And 4, step 4: and (4) establishing a multi-stage LSTM network, taking the emotion bias in the step (3) as input, and performing decision-level fusion on the multi-mode emotion in valence and awakening dimensions respectively.
The step 4 comprises the following steps:
step 4.1: and 3, taking the emotion bias in the single dimension in the step 3 as input, and starting to segment the primary subsequence from the first frame to obtain the primary subsequence to be processed in the single dimension. The primary subsequence includes a target frame and a plurality of consecutive frames adjacent to and subsequent to the target frame. And recording the length of the primary subsequence as timestamp. In the multi-stage LSTM network, the input of the first stage LSTM network is composed of a plurality of the first-stage subsequences, and the number of the first-stage subsequences of the samples under the condition of single dimension is recorded as
Figure BDA0003784251760000031
Step 4.2: inputting the feature information of each frame under the single dimension into a first-stage LSTM network according to the time sequence relation of the first-stage subsequence, and acquiring reference feature information through the first-stage LSTM network, wherein the method comprises the following steps: receiving characteristic information of a t-th frame corresponding to a t moment, wherein the t moment is a current moment; and receiving the hidden state information and the unit state information output at the time t-1. Converting the hidden state information and the unit state information output at the t-1 moment into target hidden state information and target unit state information at the t-1 moment; inputting the characteristic information of the t-th frame, the target hidden state information at the t-1 moment and the target unit state information into the LSTM module, and outputting the hidden state information and the unit state information at the t moment through the LSTM node; calculating a fusion emotion predicted value Y of the LSTM node at the t moment according to the hidden state information of the LSTM node at the t moment d t im,1 (dim∈(val,arl))。

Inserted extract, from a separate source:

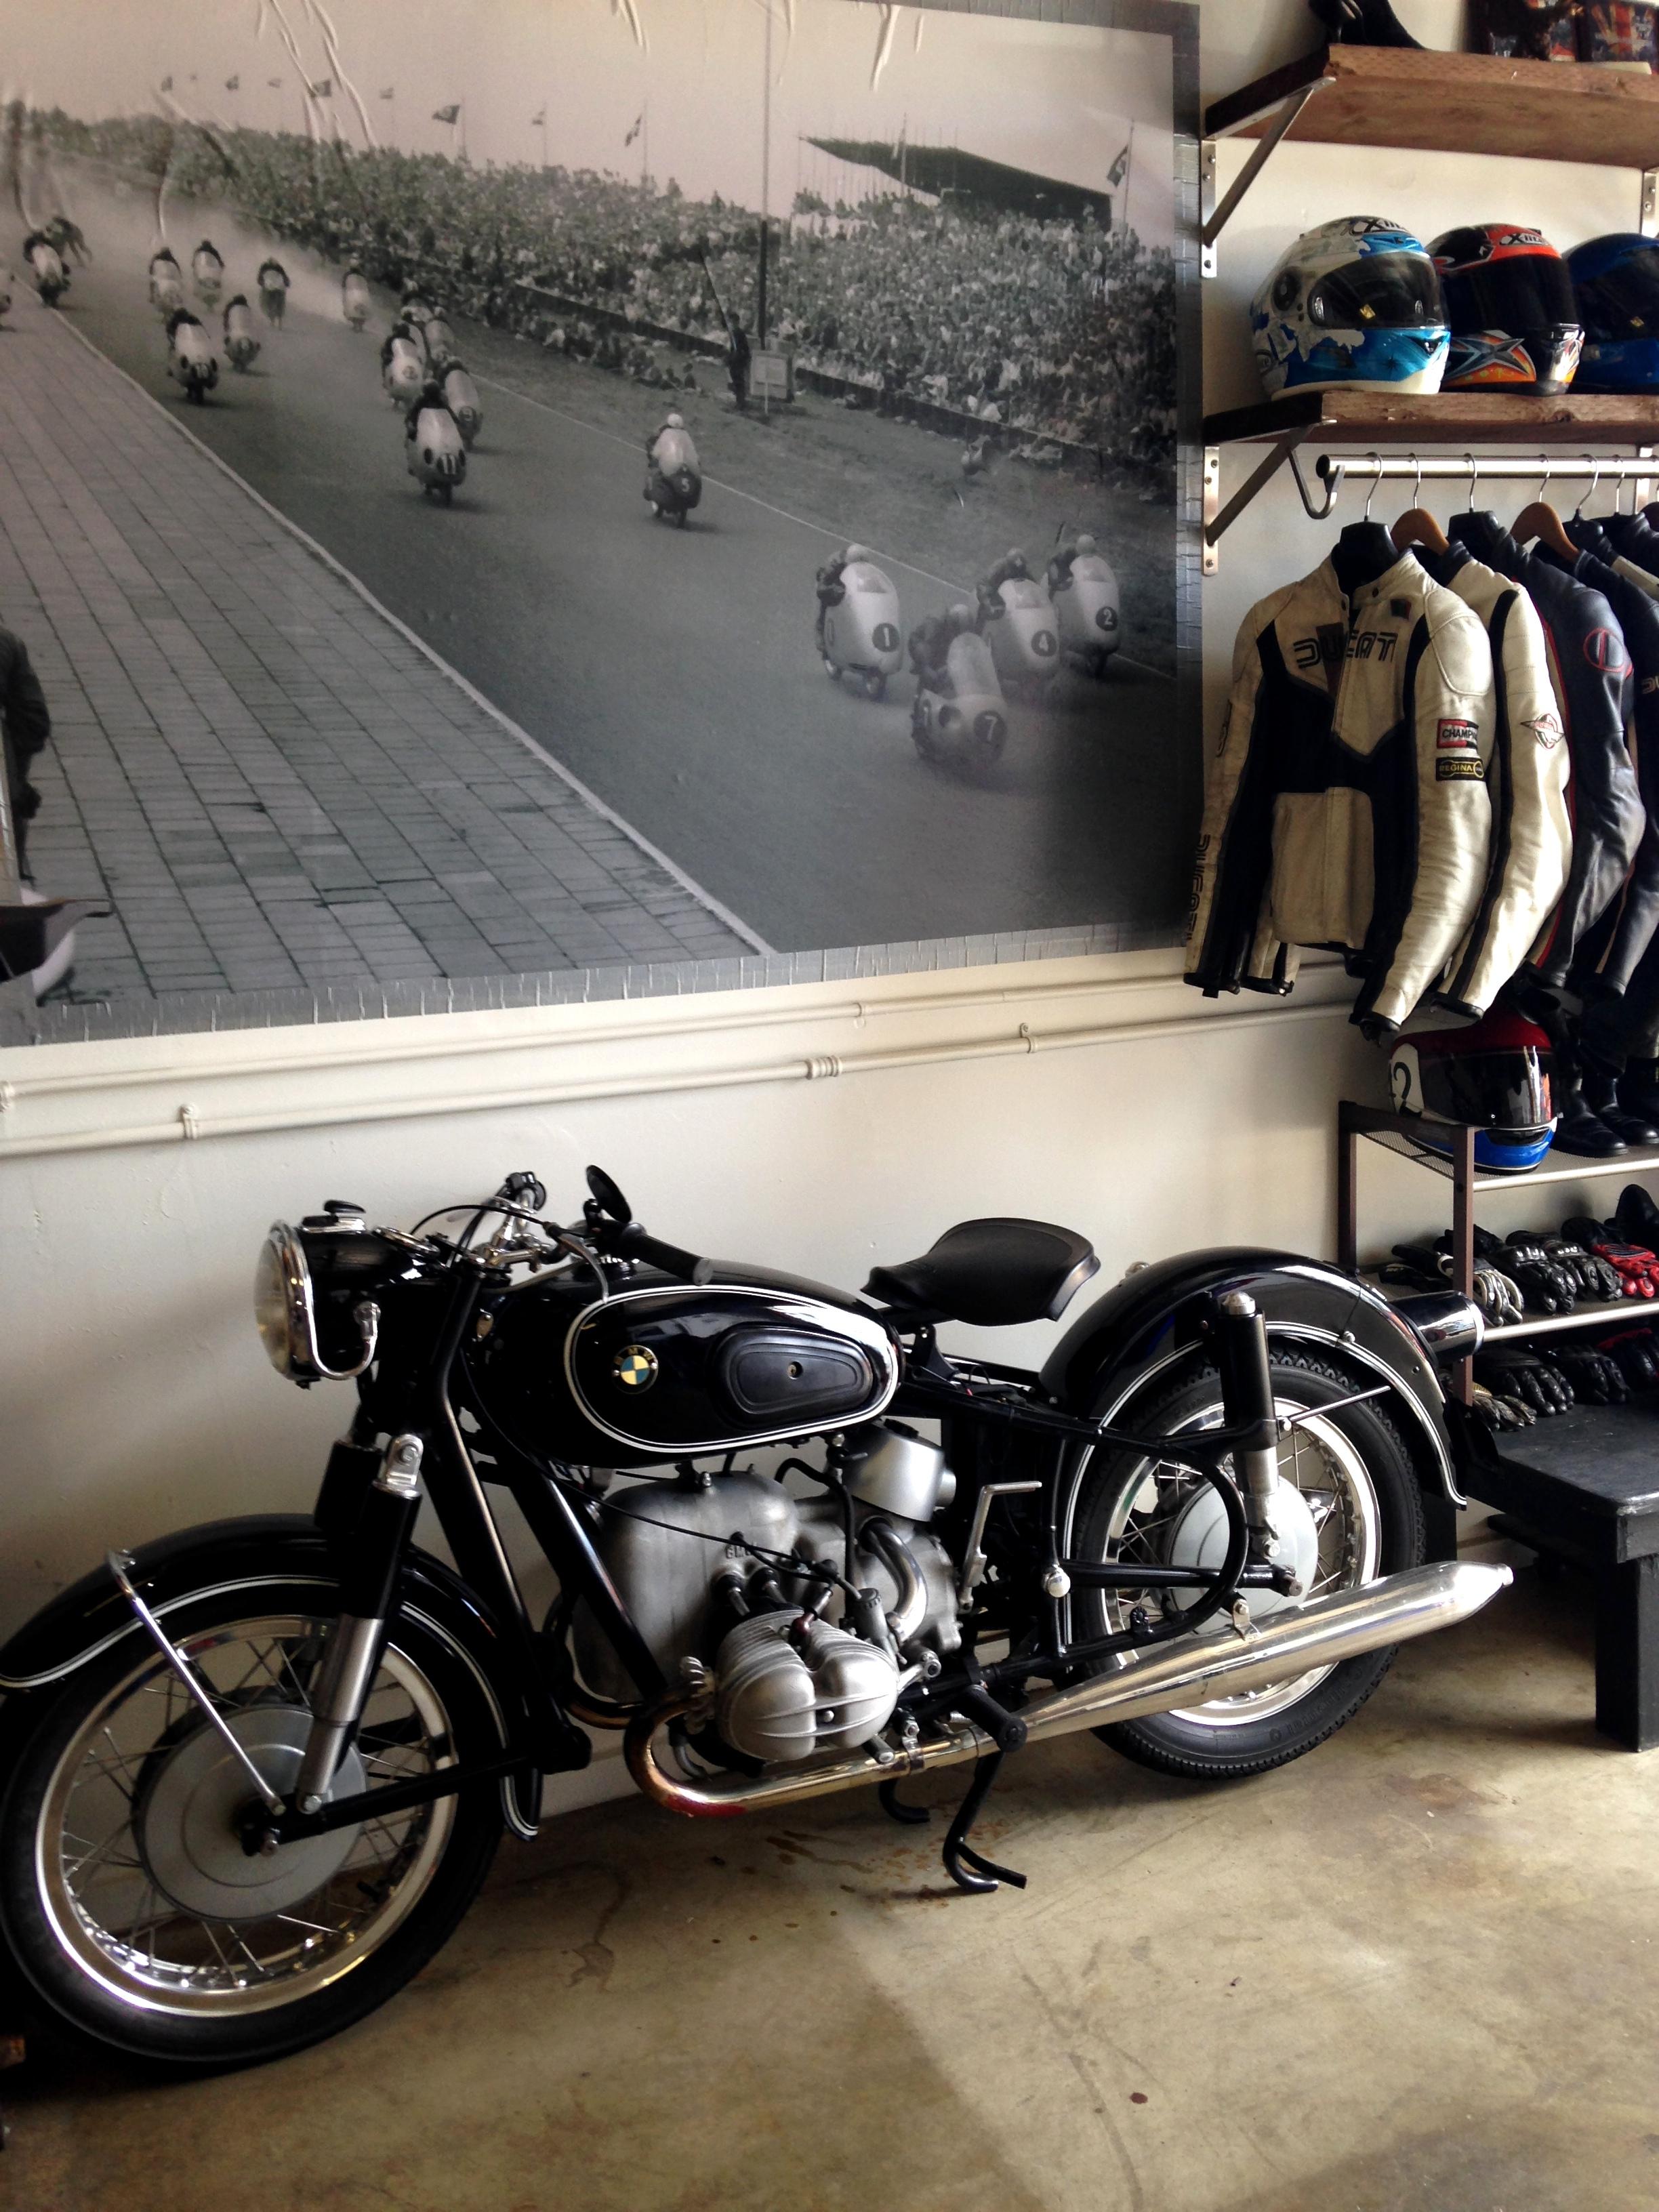 Vintage Motorcycle Garage Rental  Helmets n Heels

And training the plurality of primary subsequences and target output results under the corresponding valence and awakening dimensionality in a first-stage LSTM network, and respectively reserving two optimal training models under the valence and awakening dimensionality. And testing the video acquired in real time according to the optimal training model under two dimensions. Respectively recording the output results of the first-stage LSTM network at t moment under valence and awakening dimension
Figure BDA0003784251760000032
Step 4.3: with the output of step 3 as input from
Figure BDA0003784251760000033
And the frame emotion information starts to carry out the segmentation of the secondary subsequence, and the secondary subsequence to be processed under the single dimension is obtained. The secondary subsequence includes a target frame and a plurality of consecutive frames adjacent to and subsequent to the target frame. The length of the secondary subsequence is the same as that of the primary subsequence and is timestamp. In the multi-stage LSTM network, the input of the second-stage LSTM network consists of a plurality of the secondary subsequences, and the number of the sample secondary subsequences under a single dimension is batchsize.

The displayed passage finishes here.